Tables 1 and 2 present patient, procedural, and medical treatment characteristics of real-world and DANAMI-2 patients. Compared to DANAMI-2 patients, real-world patients were older and had a higher prevalence of previous myocardial infarction, congestive heart failure, cerebrovascular disease, tumors, and hypertension. In contrast, there were fewer smokers in real-world patients. Time from symptom onset to revascularization was longer in real-world patients, and more patients had a nonpathological angiogram or 3-vessel disease. The left circumflex artery was more often the culprit lesion in the real-world group. There were no differences in the number of stents used, but a larger proportion of real-world patients had a drug-eluting stent implanted. A larger proportion of the real-world population used cardiovascular medications after 1 year, except for aspirin.
In contrast, real-world patients eligible according to DANAMI-2 criteria did not differ from the DANAMI-2 population regarding prevalence of previous myocardial infarction, congestive heart failure, cerebrovascular disease, 1- and 3-vessel disease, culprit lesion in the left circumflex artery, and smoking status. In addition, these patients had a shorter time from symptom onset to revascularization, their culprit lesion was more often located in the left anterior descending artery, and a larger proportion used β blockers compared to the DANAMI-2 population.
In the high-risk subgroup of patients ineligible according to DANAMI-2 criteria, prevalences of peripheral vascular disease, diabetes, and renal insufficiency were higher than in the DANAMI-2 group. The culprit lesion was more often located in the left main artery or left circumflex artery, and a larger proportion of patients had ≥4 stents implanted.

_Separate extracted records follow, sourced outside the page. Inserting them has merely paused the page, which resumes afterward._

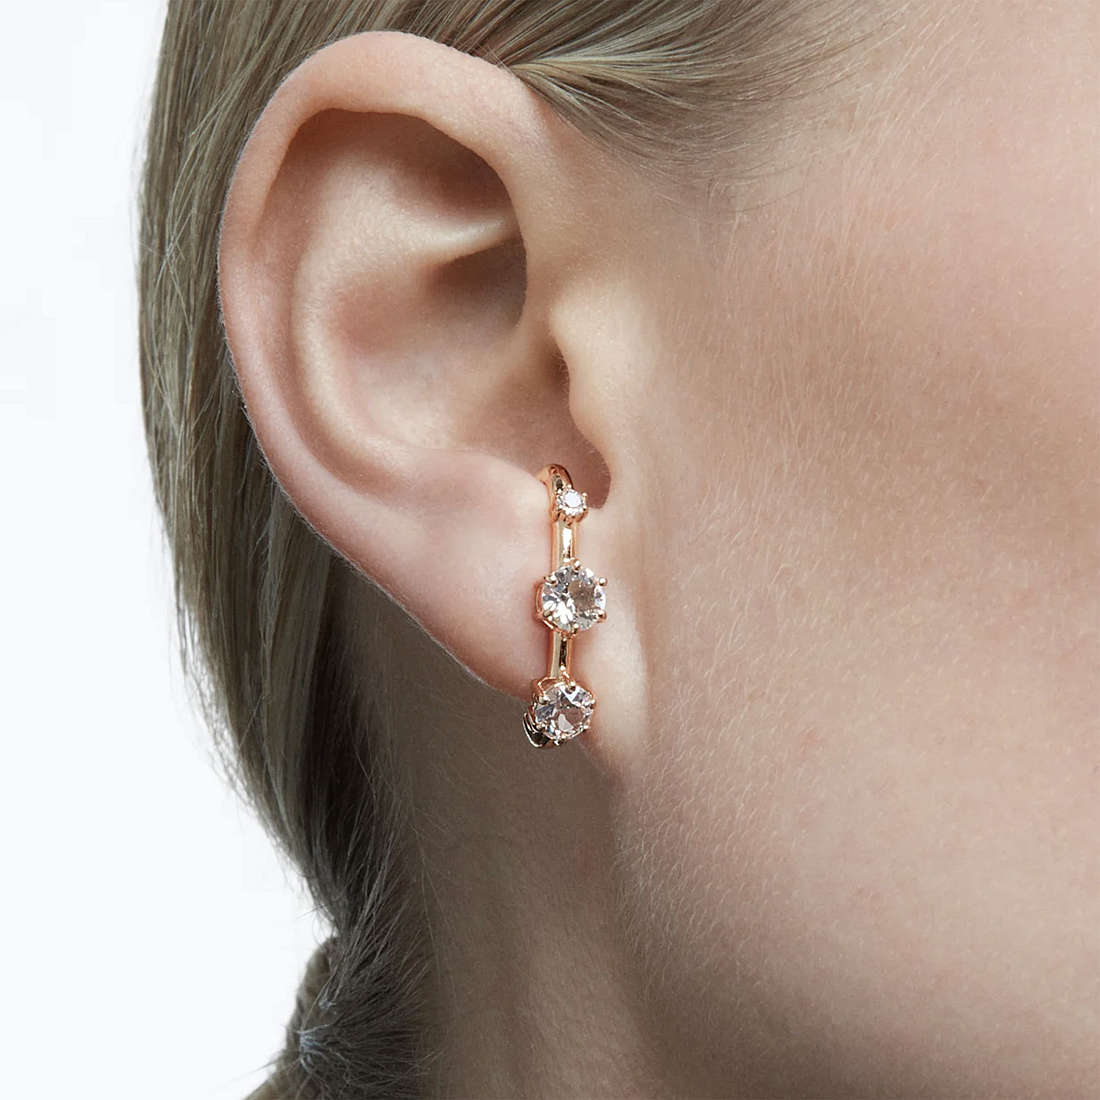 Swarovski earrings Constella woman 5620130 wearing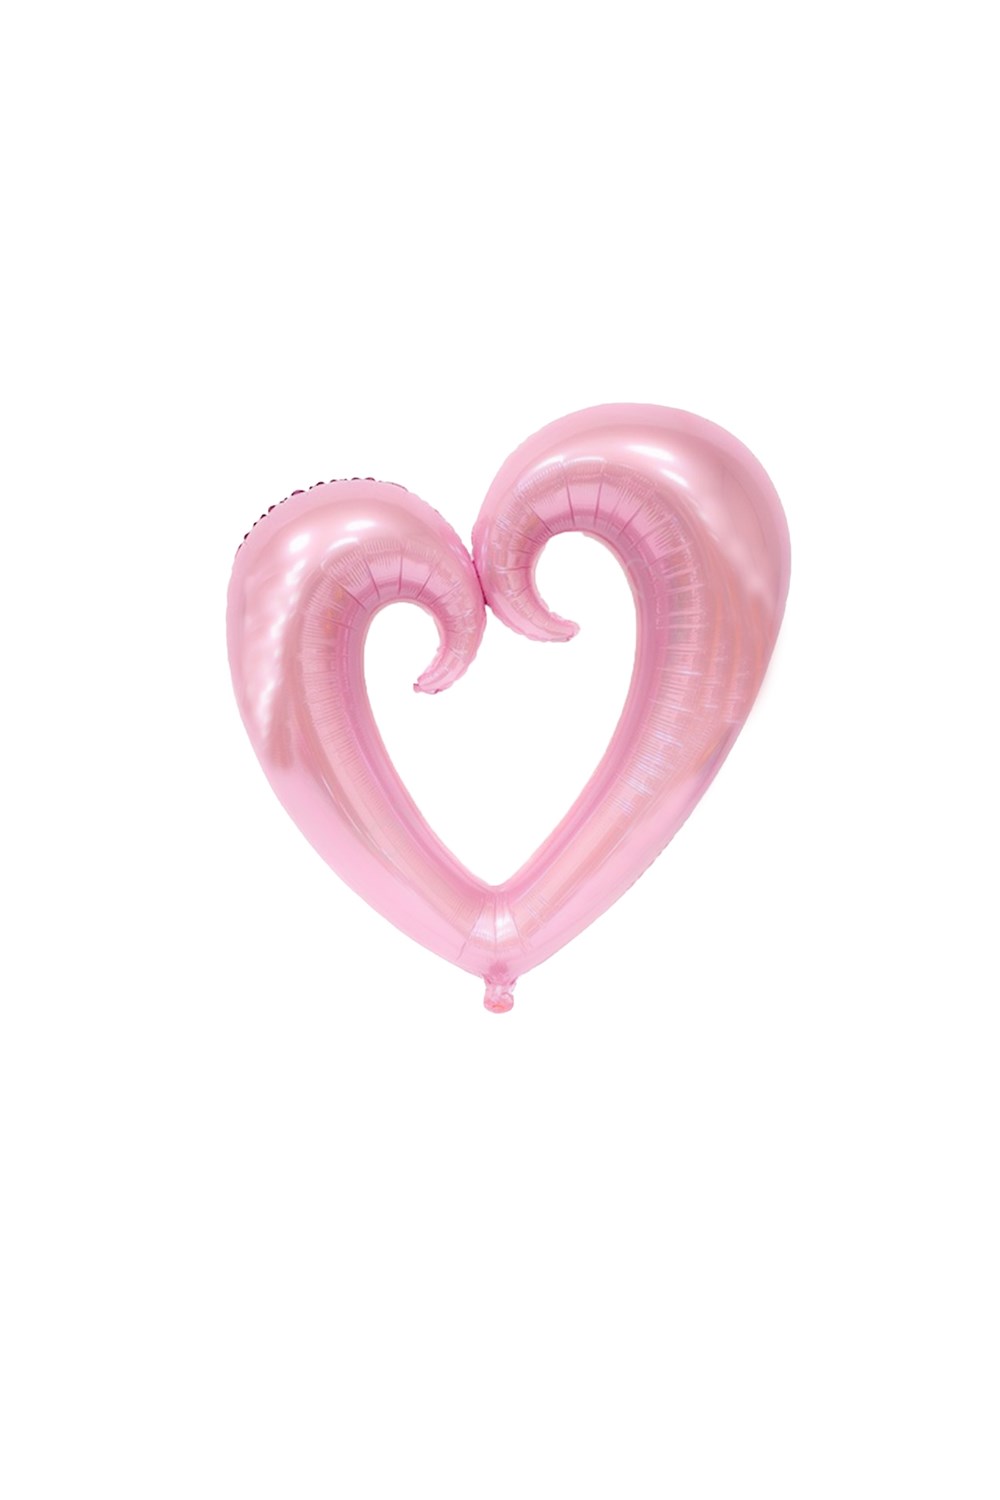 Pembe Parçalı Kalp Orta Folyo Balon 60cmPartistPSPST866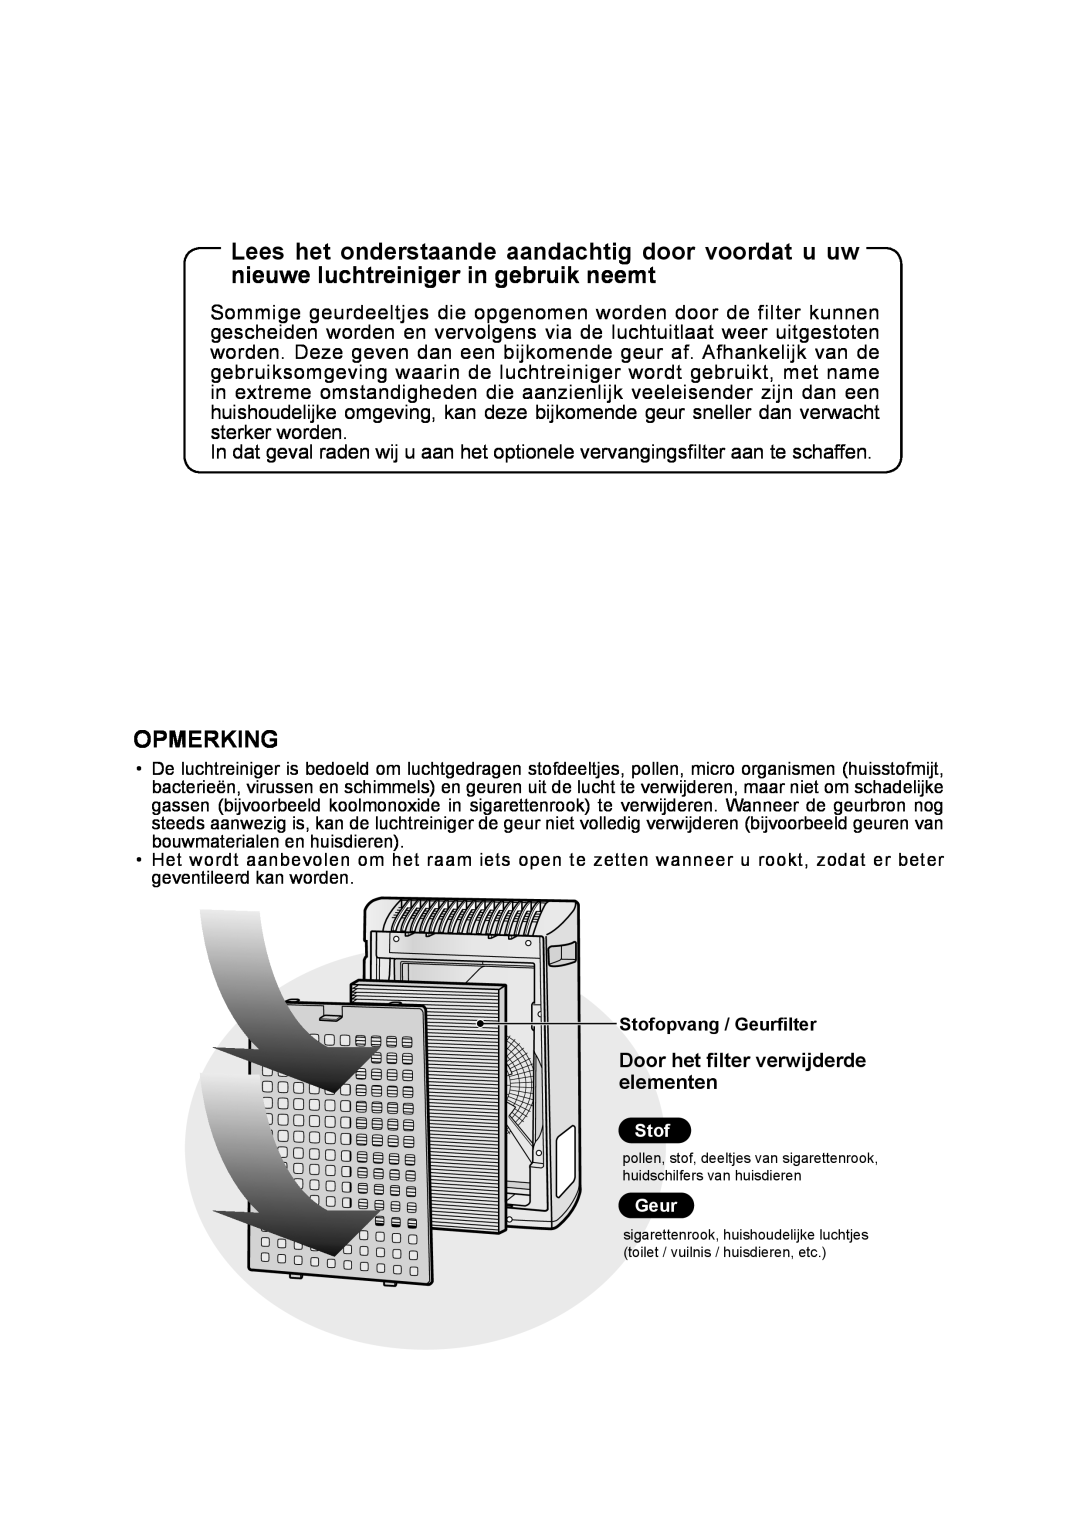 Sharp FU-Y30EU operation manual Opmerking, Door het filter verwijderde elementen

The low-risk subgroup of patients ineligible according to DANAMI-2 criteria had a higher prevalence of previous myocardial infarction, and the culprit lesion was more often located in the right coronary artery or left circumflex artery.
Table 3 presents clinical outcomes for the populations. In a comparison between the entire real-world population and the DANAMI-2 population, cumulative risks of the composite end point after 1 year and 2 years were 17.8% and 22.0%, respectively, in the real-world population compared to 13.6% and 17.3% in the DANAMI-2 population. These differences remained after adjustment. The difference was primarily the result of higher mortality and a higher incidence of stroke in the real-world population after 1 year and 2 years. There was no difference in the incidence of reinfarction and TVR.